子供が自分の元を去っていくのは、果たしてただの反抗期なのか、それとも、自分の愛情のかけ方に歪みがあったのか。
自分自身のことを冷静に客観的に判定することは難しいものです。
周囲の人間がとやかく言うことでもないかもしれません。
ただ一つ言えることとしては、
「親からの純粋な愛情を受け取っていた」という実感が少しでも残っている子どもであれば、非行に走ってしまっても、最後の一線は踏みとどまれる可能性が高い、ということ。
凶悪犯罪や死に関する事件に巻き込まれそうになったとしても、悪には染まり切れずに踏みとどまれる勇気を持つ人もいます。

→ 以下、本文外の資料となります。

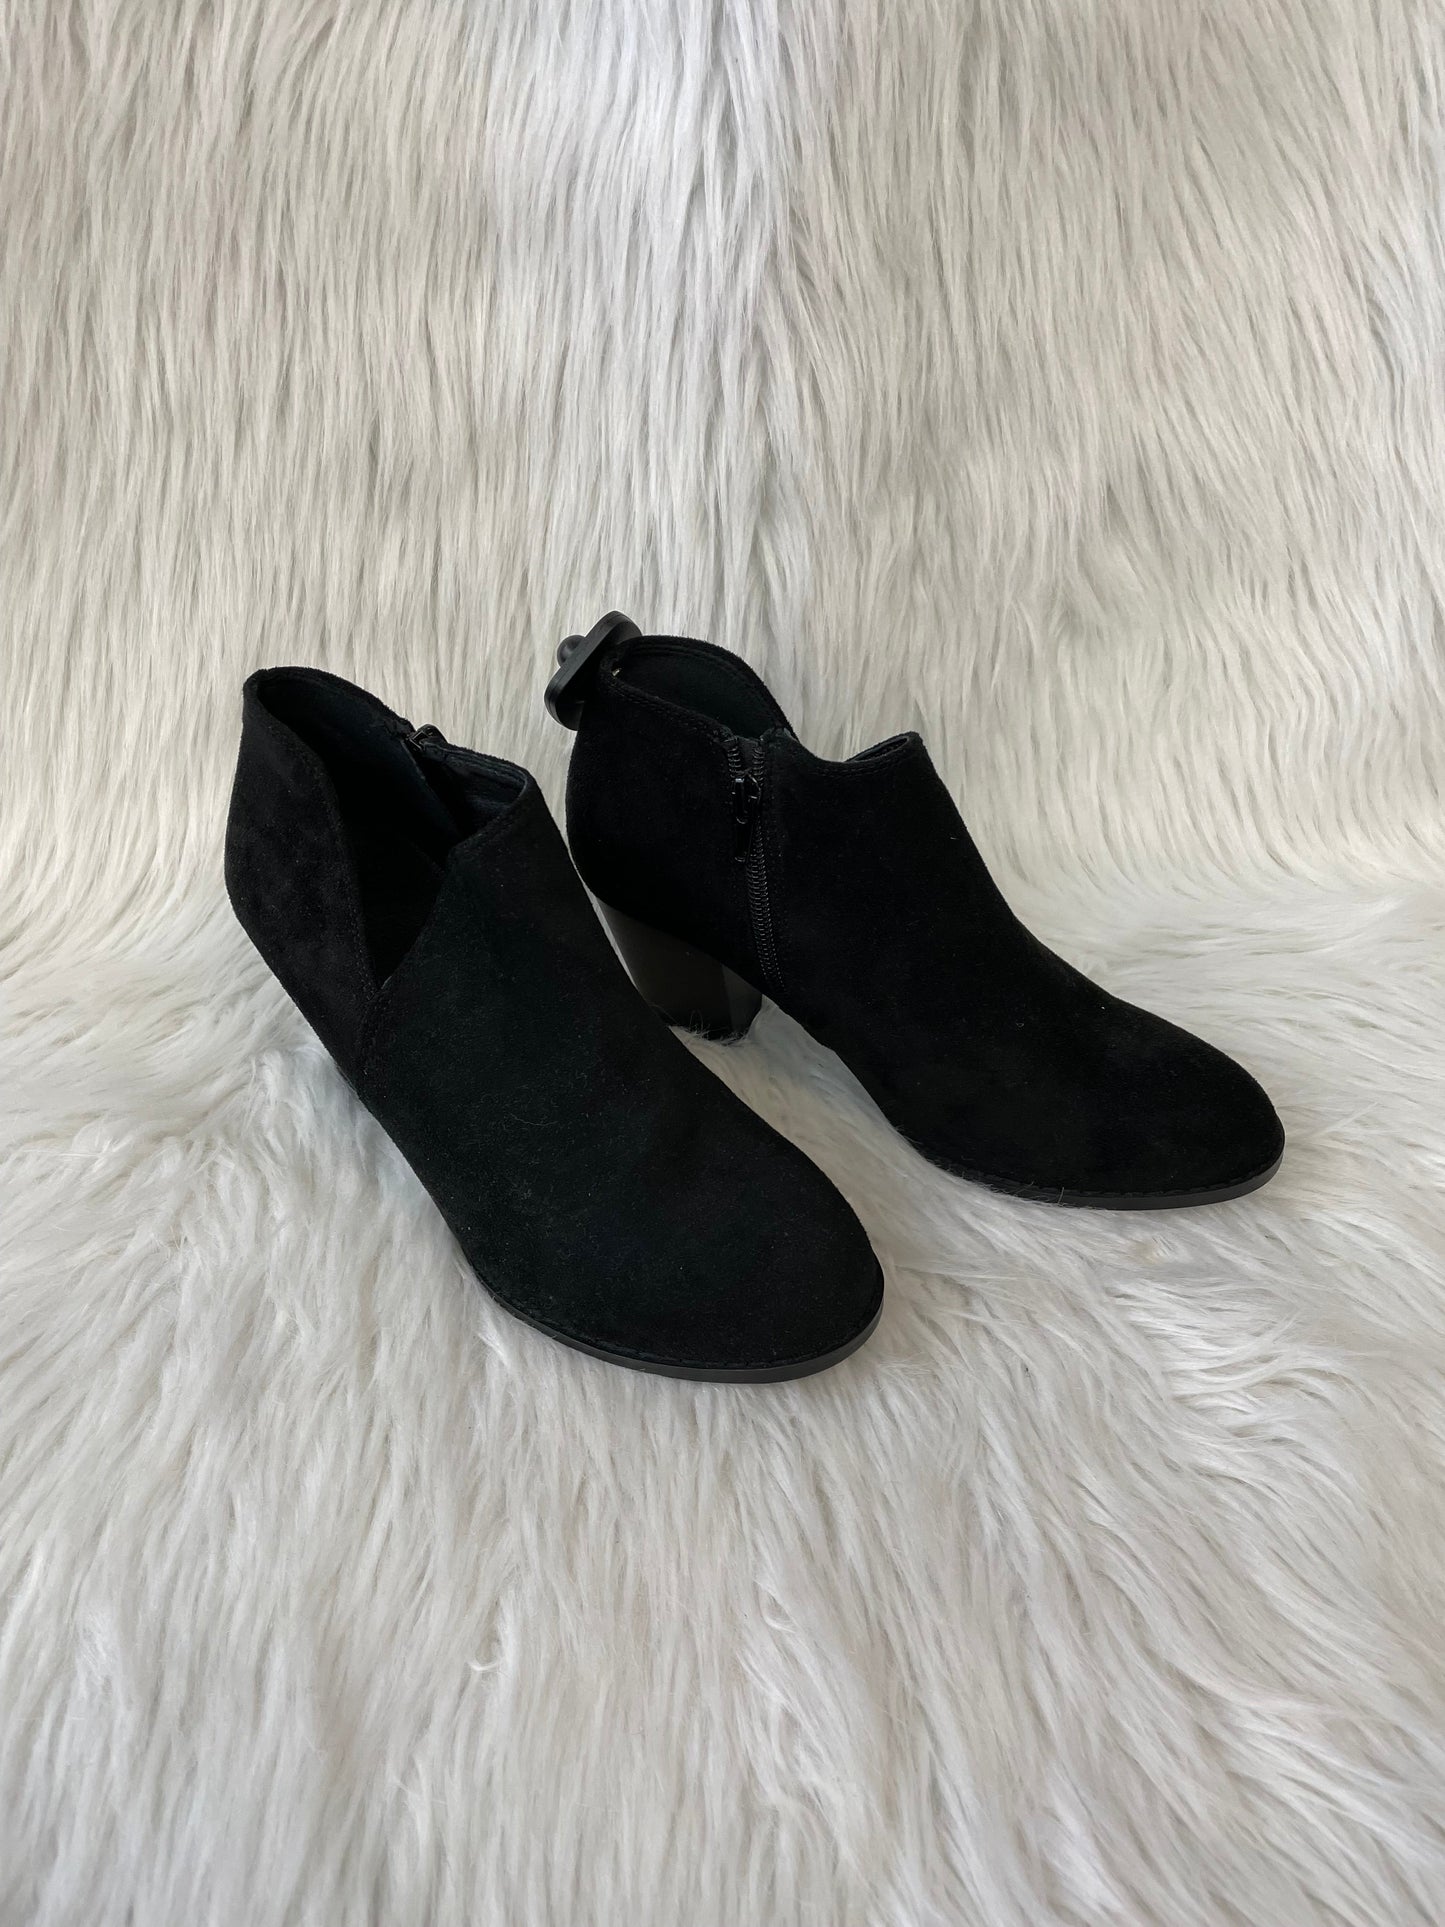 Black Boots Ankle Heels Clothes Mentor, Size 8

もし、子どもが何らかの理由で親から離れようとしているならば、そこに、親としての反省点があるのかもしれません。
追いつめずに、後ろ姿を温かく見守ってあげることが、
親としてできる精一杯の愛となることもあるのだそうです。
たとえ愛情のかけ違いで離れていくわけでなくても、
一定の年齢になったら、親離れ、子離れは必要です。
子供が親元から離れようとしているのを感じたら、
「子供がやっと一人前になろうとしているのだな」
と察して、そっと見守っていけるような大人になりたいものですね。
会えなくなっても、言葉に出さずとも、純粋な愛情は、確かに相手の心に届くものだと思います。
もし、子どもへの愛情に自信があるなら、その自信はそのままに、お子さんの未来を信じてあげたいですね。
皆さんの親子関係が少しでも良き方向にすすみますよう、心からお祈りしております。
今回も拙い感想を最後までご覧下さり、誠にありがとうございました。